Last Updated on 3rd March 2022
One scanner, many solutions
How one of the largest mines in the UK has adopted SLAM technology
ICL | A company with a rich history
With a history dating back to the 1950s, ICL are a global mining company primarily working in three markets; agriculture, food and engineered materials. Originally part of the establishment of Israel’s potash industry, ICL have over 80 years of intensive activity and major investment in R&D, making them a world leader in speciality fertilizers, bromine and flame retardants.
Located in the North Yorkshire Moors, ICL Boubly mine is the deepest in the UK and the world’s only polyhalite production facility. Polyhalite is a new, organic fertilizer produced and sold exclusively by ICL Fertilizers under the brand name Polysulphate. Field trials have proven that it is an effective crop fertilizer. It is found over 1,200m below the Earth’s surface, under the North Sea along England’s north-eastern coast. The incredibly effective ore comes from the polyhalite layer of rock, deposited 260 million years ago.
Boulby Mine | Early adopters of SLAM technology
Boulby mine was one of the first in the world to use SLAM technology, having adopted GeoSLAM’s ZEB1 into their workflow, in 2013. Nowadays, the mine operates GeoSLAM ZEB Horizons for most of their survey needs.
The small team of surveyors feel that the ZEB Horizon helps them achieve their survey targets. They work extremely efficiently, creating all the mine maps, calculating monthly production volumes and weekly surface stockpile volumes. The site have multiple stockpiles around the region to store their produce and the survey team are responsible for updating the companies accounts for stockpile volumes. Using the ZEB Horizon along with the automated GeoSLAM Volumes package, the survey team can scan these multiple stockpiles in a short time window, accurately and safely.
Taking full advantage of the ZEB Horizons versatility, the team not only use the walk-and-scan method, but also implement the UAV capabilities, capturing scans of stockpiles from the sky – a tool to suit all needs. Combining GeoSLAM’s hardware and software, the team at the mine can cover multiple sites, and are a valuable asset to the ICL group.
Scanning Stockpiles | The need for speed
The need for speed is critical when carrying out a stockpile inventory. Similarly, to ordinary stock audits, a count is done at a set time. At this time, the accounting team collect the “theoretical” stock, and then a physical count is done to correlate results (hopefully to have similar results). The same principle is applied to a stockpile, a time frame is given to measure its true volume, and this is compared to what the theoretical quantity is. For this, the following is needed:
A fast, reliable, easy to use system for capturing the stockpile
A software capable of processing the dataset in less than an hour
An automated process for removing infrastructure (loaders, conveyors and roofs)

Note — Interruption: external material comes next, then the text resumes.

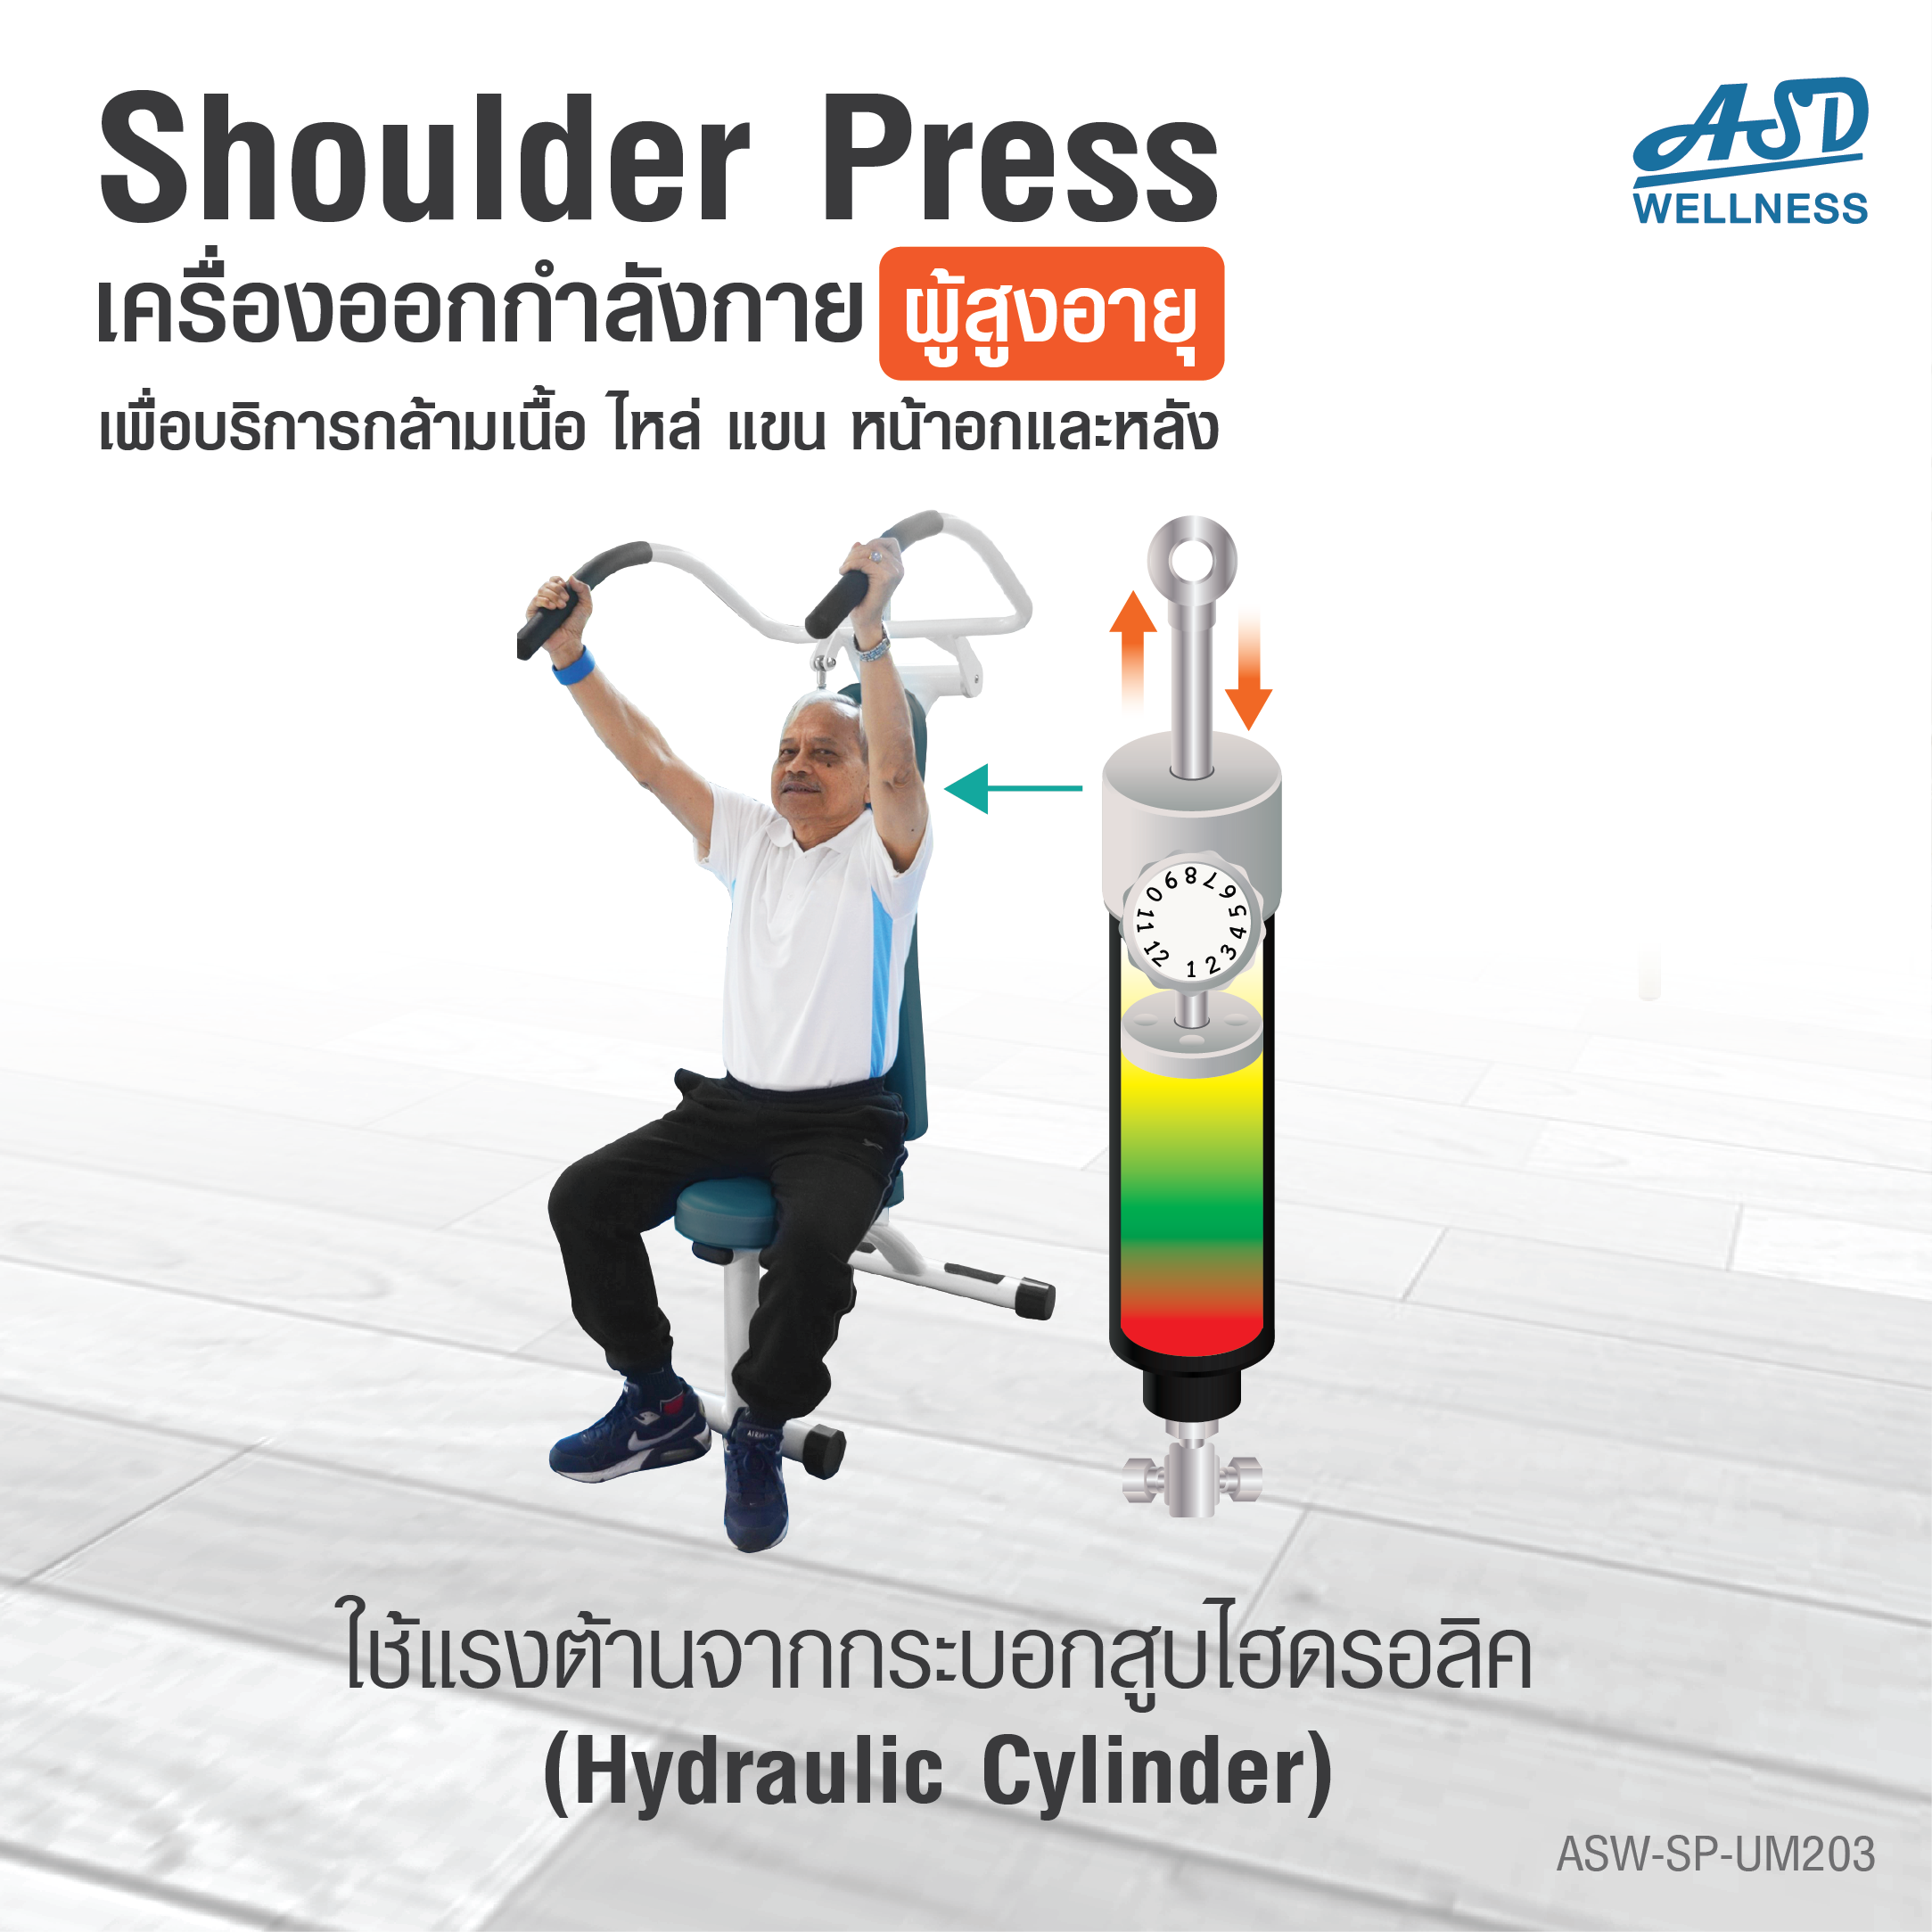 เครื่องออกกำลังกาย สำหรับผู้สูงอายุ เพื่อบริหารกล้ามเนื้อไหล่ แขน หน้าอกและหลัง Shoulder Press

A project level workflow, that will automatically calculate the volumes
The ZEB family, along with GeoSLAM’s new processing platform GeoSLAM Connect delivers data to be automatically processed on a daily/weekly/monthly schedule. GeoSLAM recognised there was a need to automate these repeated surveys, as well as ensure accurate surveys are carried out.
Scanning Underground | Keeping a mine on track
As well as stockpile surveys, the survey team are also responsible for doing multiple measurements at the mine. The ZEB Horizon is in a different class for productivity when scanning underground. The ease of use, rapid data collection and the amount of headings the system can scan in the small window the survey team have simply makes the ZEB Horizon the best tool for the job. Using the Adjust to Control feature of the ZEB range, the scans are also fully georeferenced, and can simply be dropped into the mine plan.
“We can catch the early lift down to the the mine, scan all the active headings (6-10 areas) and catch the lift back up to the surface before the mining team get going. Its important to measure these areas before the mining team are ready to go, the areas have to be safe for scanning and the survey team cant afford to hold up the mining team”
The mining team are given a target for the amount of tonnage they should hit per month and the survey team are responsible for measuring this and have to make sure the tonnages are being excavated along the right plane. The mine uses a variant of the “room and pillar” method. Its important to ensure the mining team do not excavate too much of the pillars as this could compromise the stability of the area.